Giter Club home page Giter Club logo

glapd's Introduction

This is a customizable LAMP primer sets designing system: GLAPD (whole genome based LAMP primer design for a set of target genomes).
######
Introduction:
  LAMP(Loop-mediated isothermal amplification) is a simple and effective new method to amplify DNA sequence.
  One LAMP primer set contains four single LAMP primers from six primer regions in genome. The six regions are F3, F2, F1c, B1c, B2 and B3. Sequences from F1c and F2 are synthesized into primer FIP and sequences from B1c and B2 are synthesized into BIP. In order to accelerate the amplification, two additional loop primers(LF, LB) can be added.

  GLAPD can design LAMP primer sets based on whole genome. It can design common primers for a set of target genomes and the primers are specific for background genomes.
  Firstly, GLAPD identifies all candiate single primer regions. Then those single primers are aligned to target genomes and background genomes. Thirdly, GLAPD combines candidate single primers into LAMP primer sets. At last the commonality and specificity check are calculated for LAMP primer sets with the information from alignment. 
######
SYSTEM REQUIREMENTS:
GLAPD now runs under Linux operation system, it needs perl and gcc. If run GPU version, the computer capability of GPU >=2.0. 
######
OTHER SOFTWARES MAY BE NEEDED
Bowtie, which could be downloaded from http://bowtie-bio.sourceforge.net/index.shtml
CUDA driver, which could be downloaded from http://www.nvidia.com
######
Files and Directories:
This system is packaged in one file, "GLAPD.tar.gz", which can be downloaded from http://cgm.sjtu.edu.cn/GLAPD/ and https://github.com/jiqingxiaoxi/GLAPD2.git. Important files inside this tar.gz file are listed here. 

|-Par/
     tm_nn_parameter.txt	Parameters for calculating Tm.
     stab_parameter.txt		Parameters for calculating the stability of single primers.
     *.db, *.ds			Sixteen files for calculating the secondary structure of primers.
|-par.pl			Get the information of positions and mismatches for each single primer.
|-single.c			The CPU version of GLAPD for identify single primer regions.
|-LAMP.c			The CPU version of GLAPD for design LAMP primer sets.
|-Makefile			Makefile for CPU version.
|-GPU/
     single.cu			The GPU version of GLAPD for identify single primer regions.
     LAMP.cu			The GPU version of GLAPD for design LAMP primer sets.
     Makefile			Makefile for GPU version.
|-bowtie/
     bowtie			The bowtie program
     bowtie-build		The bowtie-build program
|-example/
     example.fa			Sequences as example, from "NC_002951.2 Staphylococcus aureus subsp. aureus COL chromosome".
     target-list.txt		The list of names from target genomes.
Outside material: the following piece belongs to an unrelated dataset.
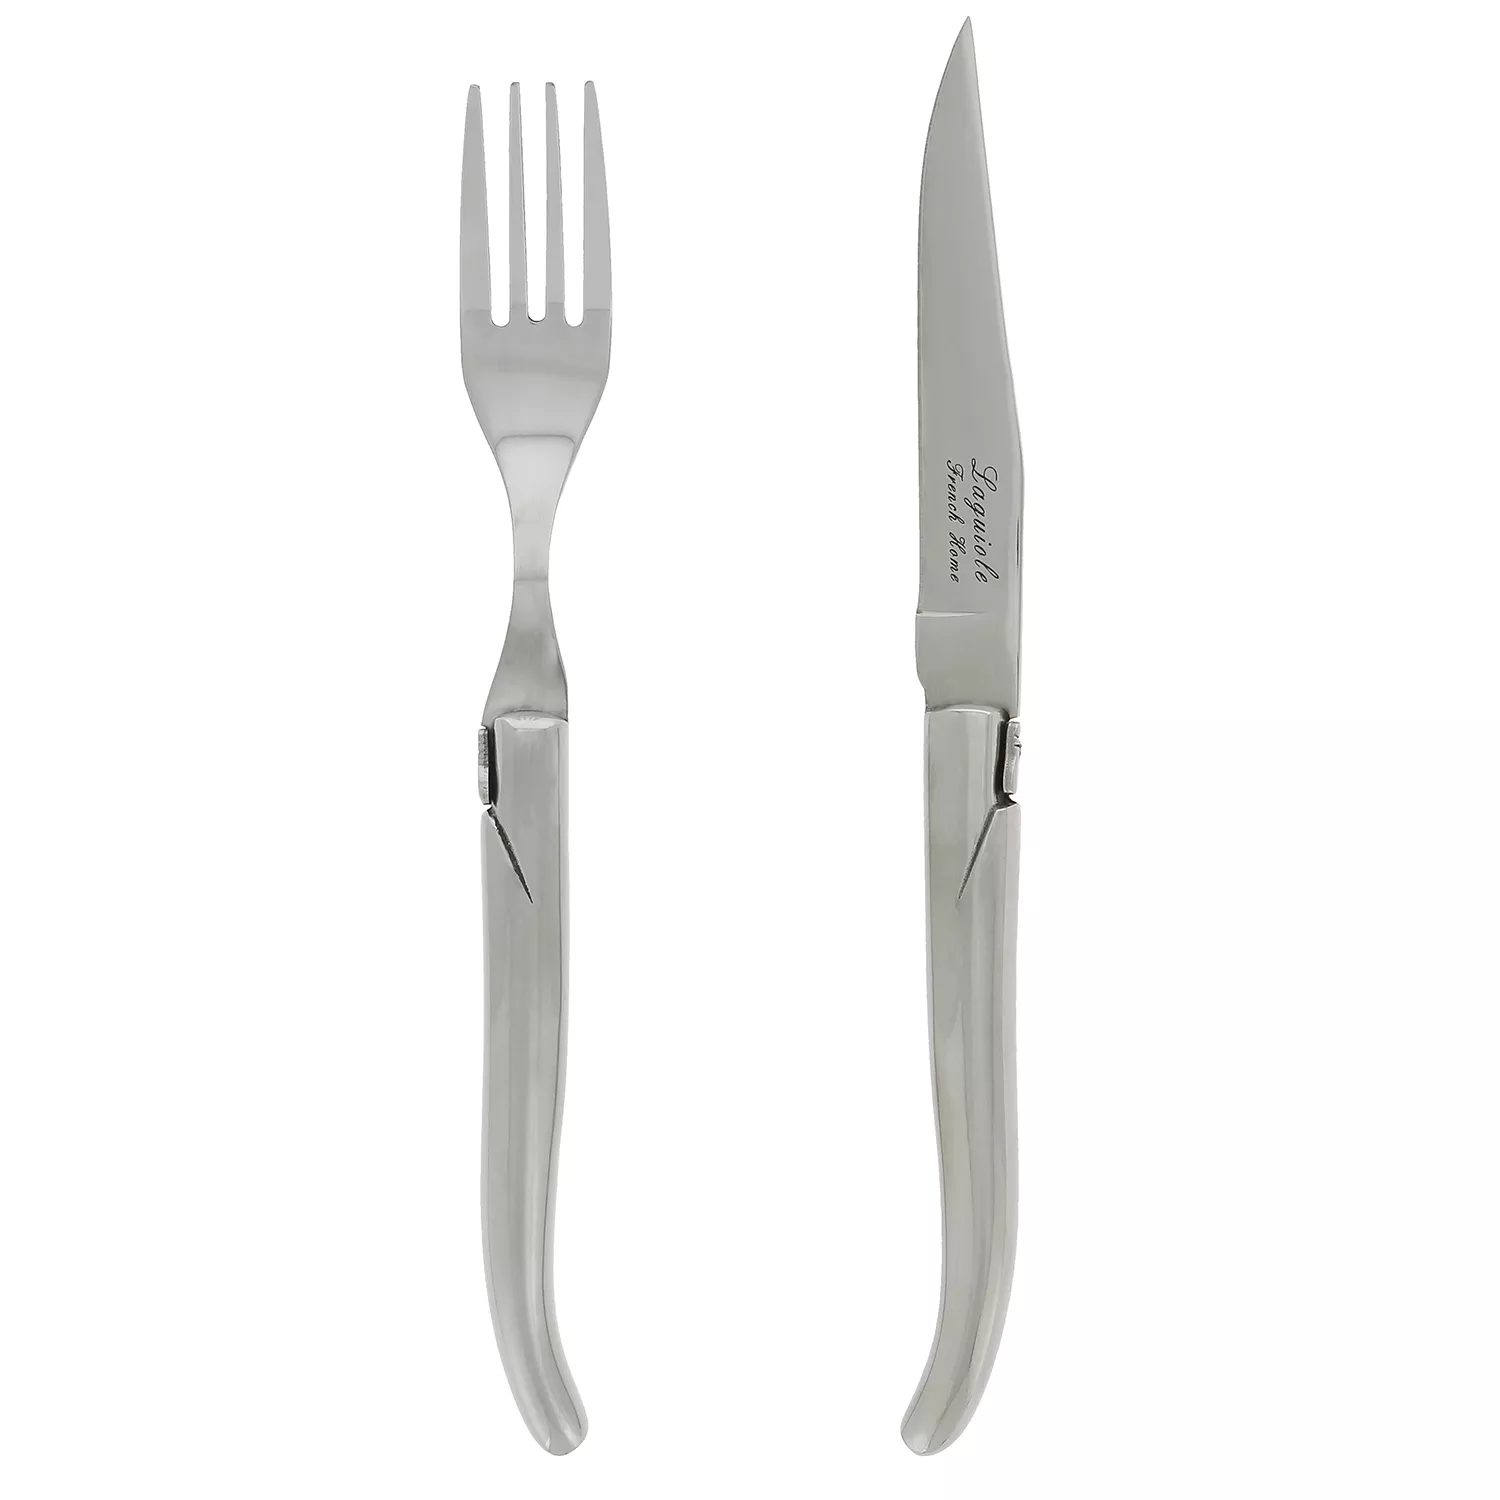 French Home Laguiole Stainless Steel Steak Knives & Forks, Set of 8

It contains 3 strains of S. aureus.
     background-list.txt	The list of names from background genomes. It contains 3 strains of other bacteria.
     index.*			The index files for Bowtie software.
######
INSTALLATION:
  tar -zxvf GLAPD.tar.gz
If you want to use CPU version:
  cd GLAPD/
  make
If you want to use GPU version:
  cd GLAPD/GPU/
  make
######
QUICK START:
1. If you want design LAMP primers for a sequence without taking care of commonality and specificity:
  cd GLAPD/
  ./Single -in example/example.fa -out Test
    (Two files "Inner/Test" and "Outer/Test" are created.)
  ./LAMP -in Test -ref example/example.fa -out success.txt
    (Ten LAMP primer sets are designed successfully stored in "success.txt" file.)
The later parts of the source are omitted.